Exercise description:
Reproduce the listing that follows in full. Omit its images.

Source data:
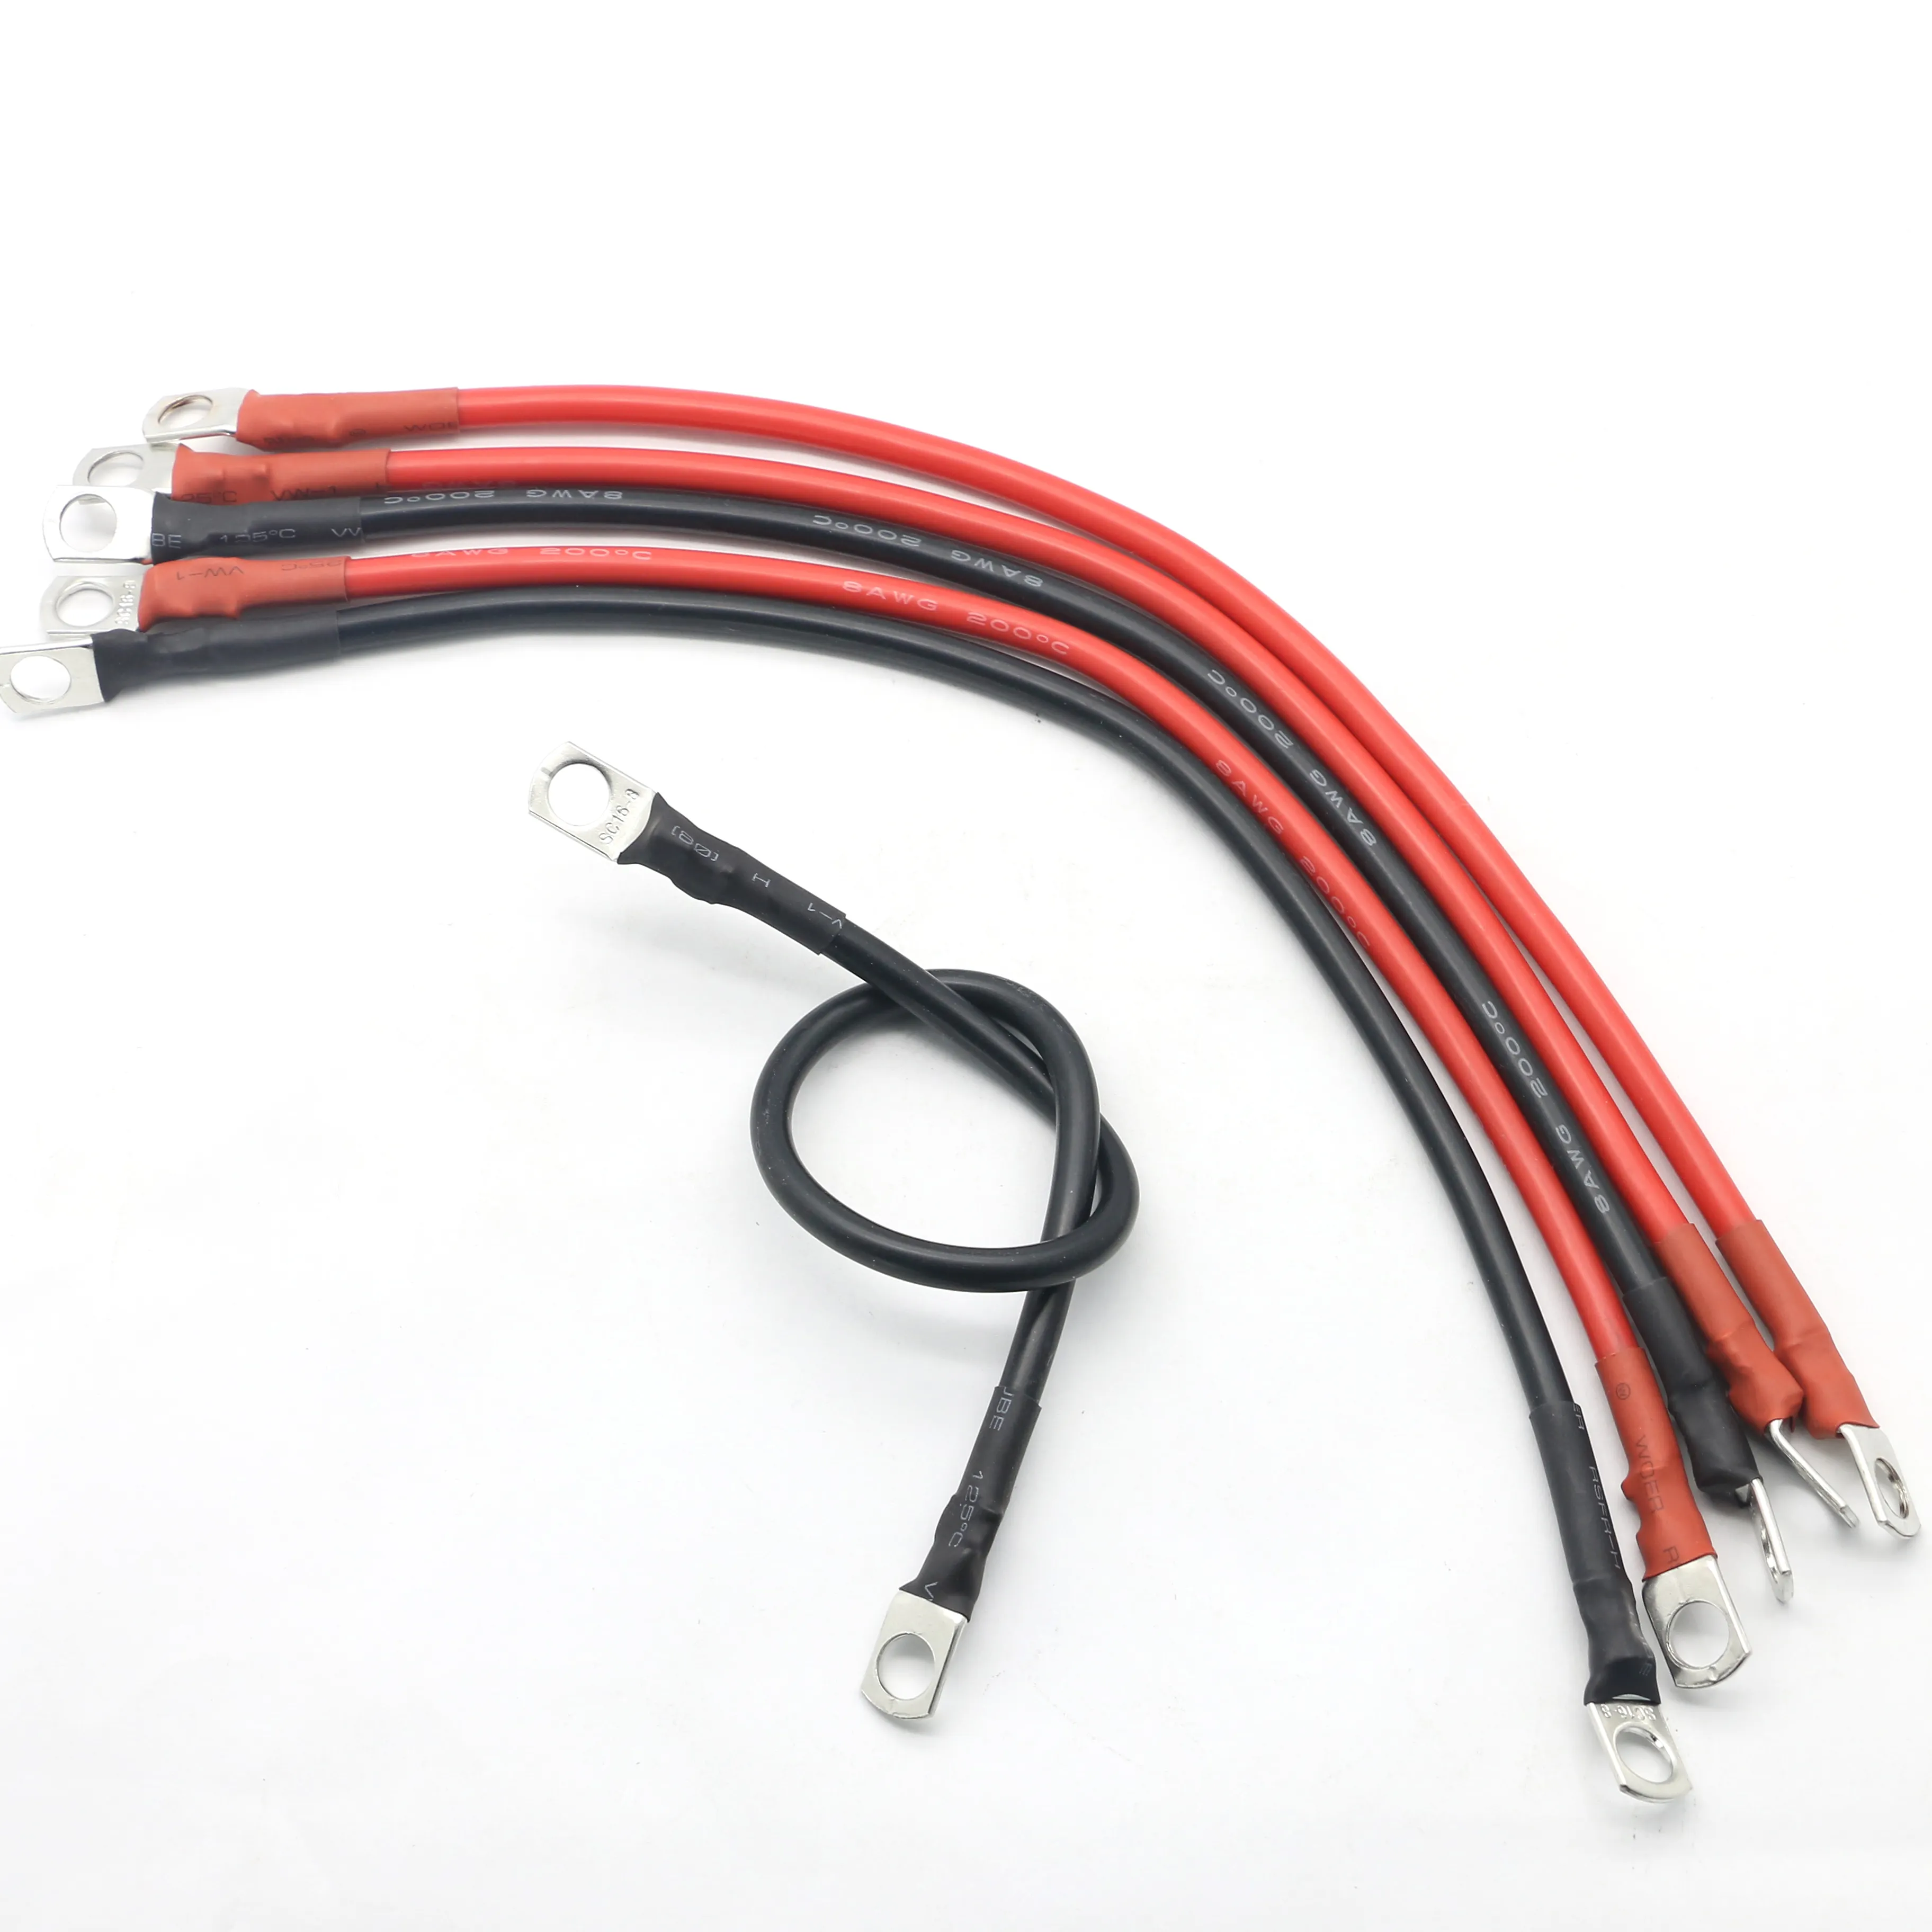 2AWG 4AWG 6AWG 8AWG 10AWG 12AWG 14AWG 16AWG 18AWG Red and black silicone wire heat-resistant flexible silicone rubber cable
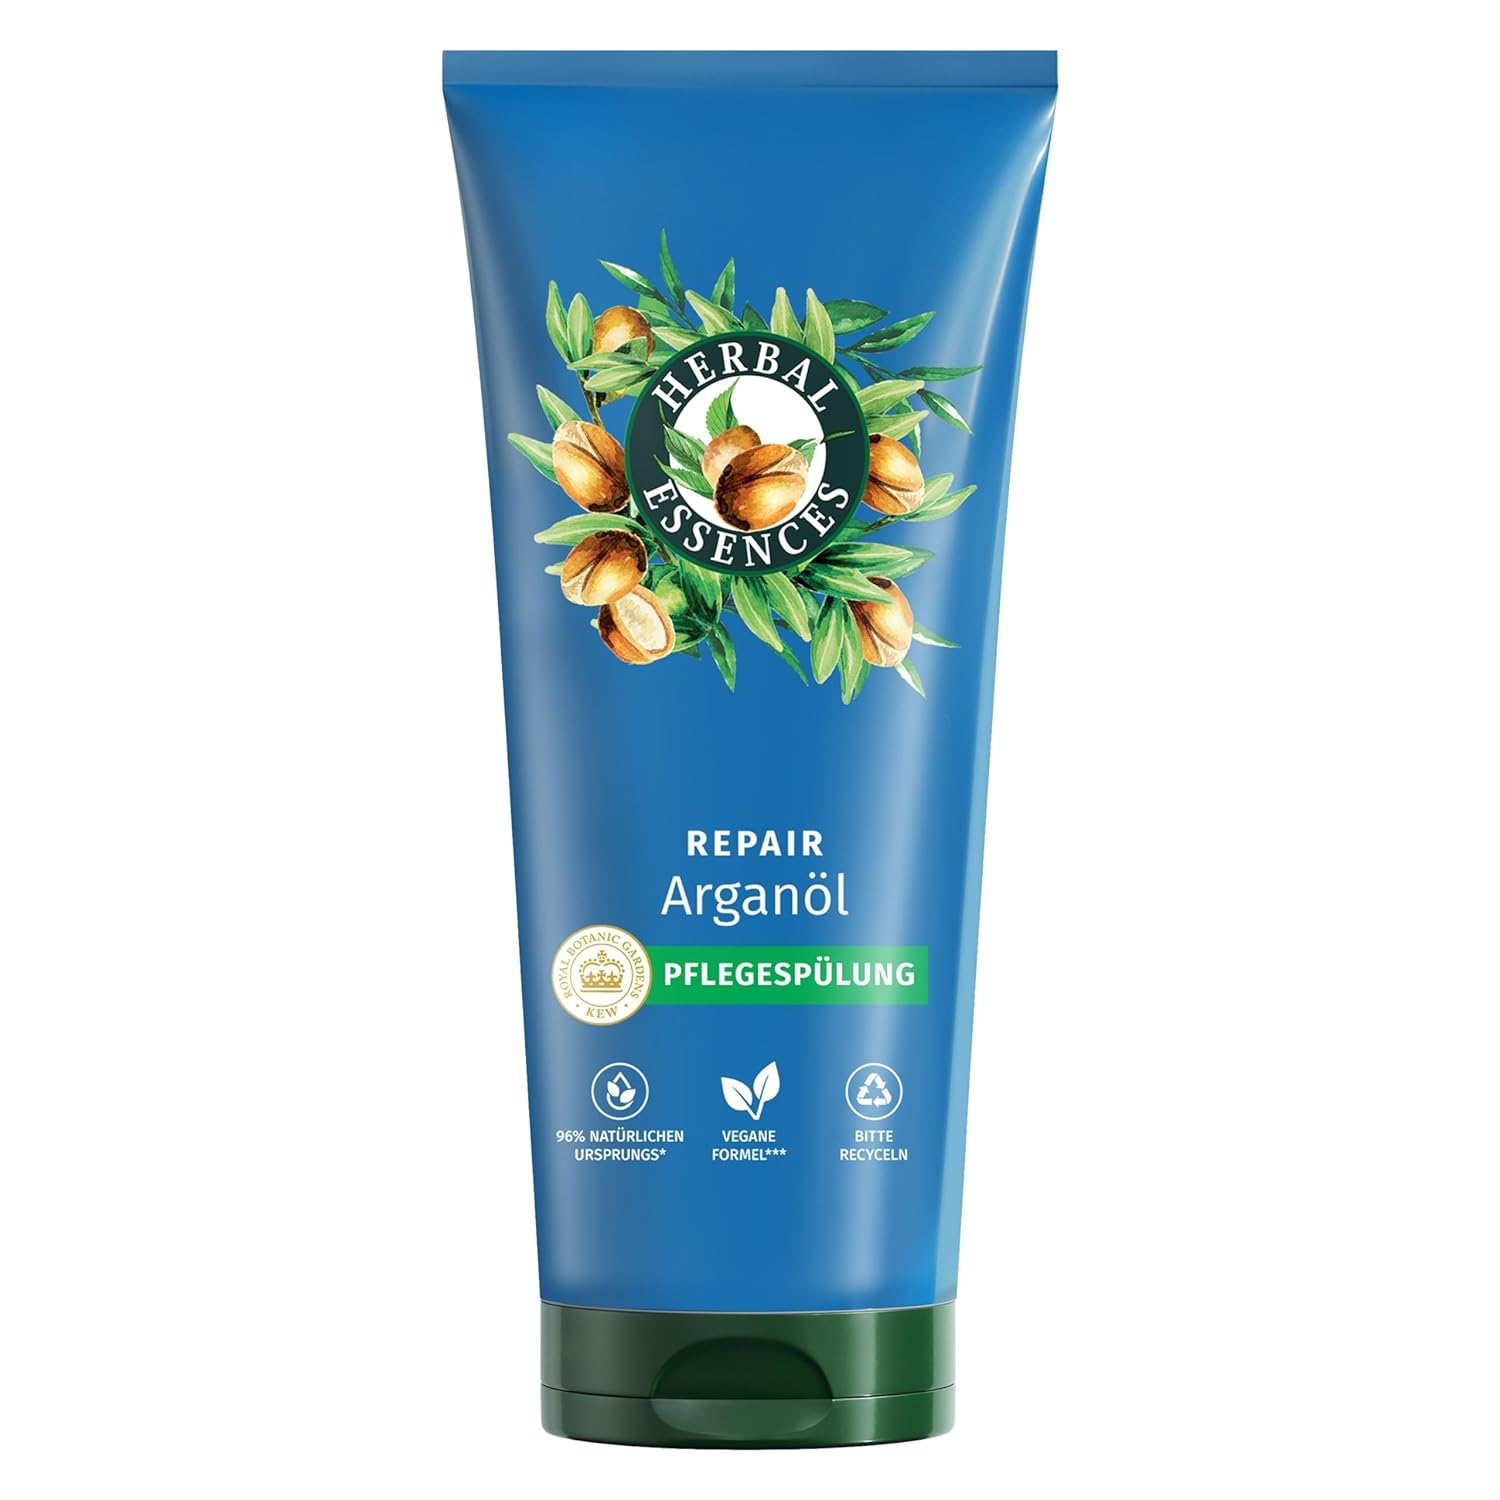 Herbal Essences Repair Conditioner with Argan Oil 250 ml from Damaged to Softer, Shiny Hair, Intensive Care, Ingredients of Natural Origin, Vegan
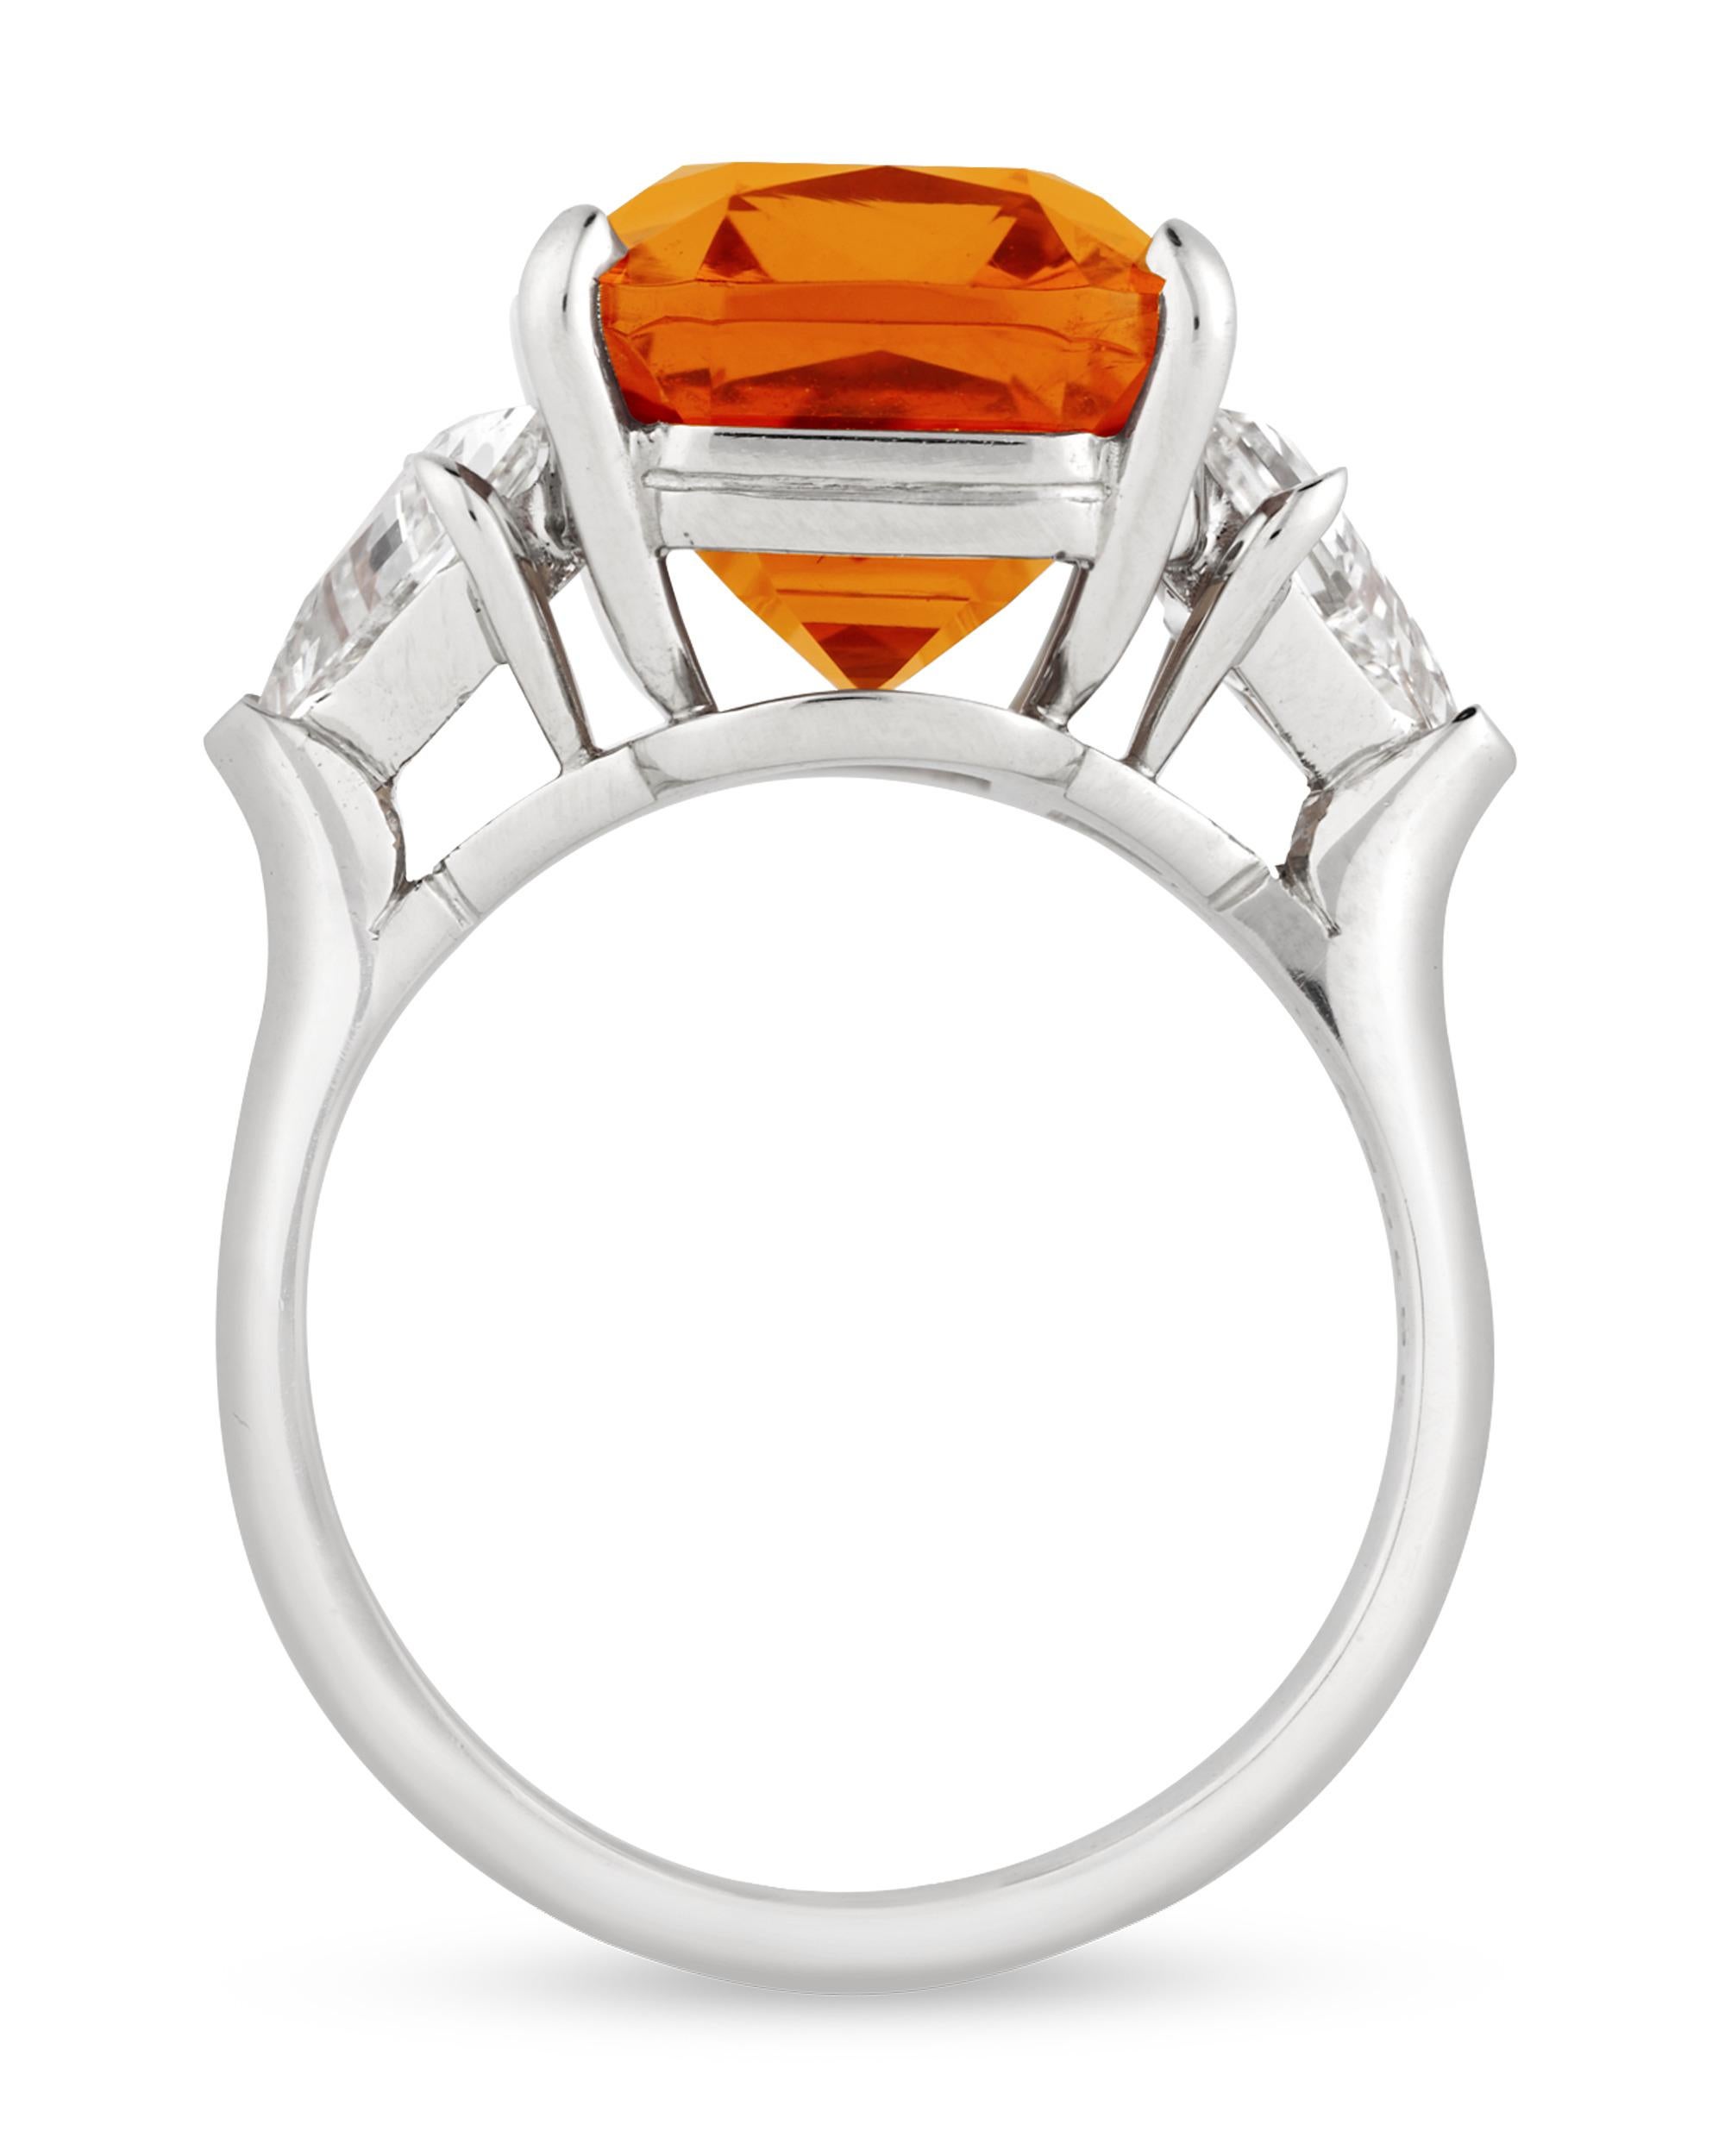 The radiance of the sunset shines from this rare orange Spessartite garnet ring by Oscar Heyman. Featuring a blazing mandarin color, the gemstone is certified by GemResearch Swisslabs as displaying a natural

Output for this exercise:
 2AWG 4AWG 6AWG 8AWG 10AWG 12AWG 14AWG 16AWG 18AWG Red and black silicone wire heat-resistant flexible silicone rubber cable
 Herbal Essences Repair Conditioner with Argan Oil 250 ml from Damaged to Softer, Shiny Hair, Intensive Care, Ingredients of Natural Origin, Vegan
 The radiance of the sunset shines from this rare orange Spessartite garnet ring by Oscar Heyman. Featuring a blazing mandarin color, the gemstone is certified by GemResearch Swisslabs as displaying a natural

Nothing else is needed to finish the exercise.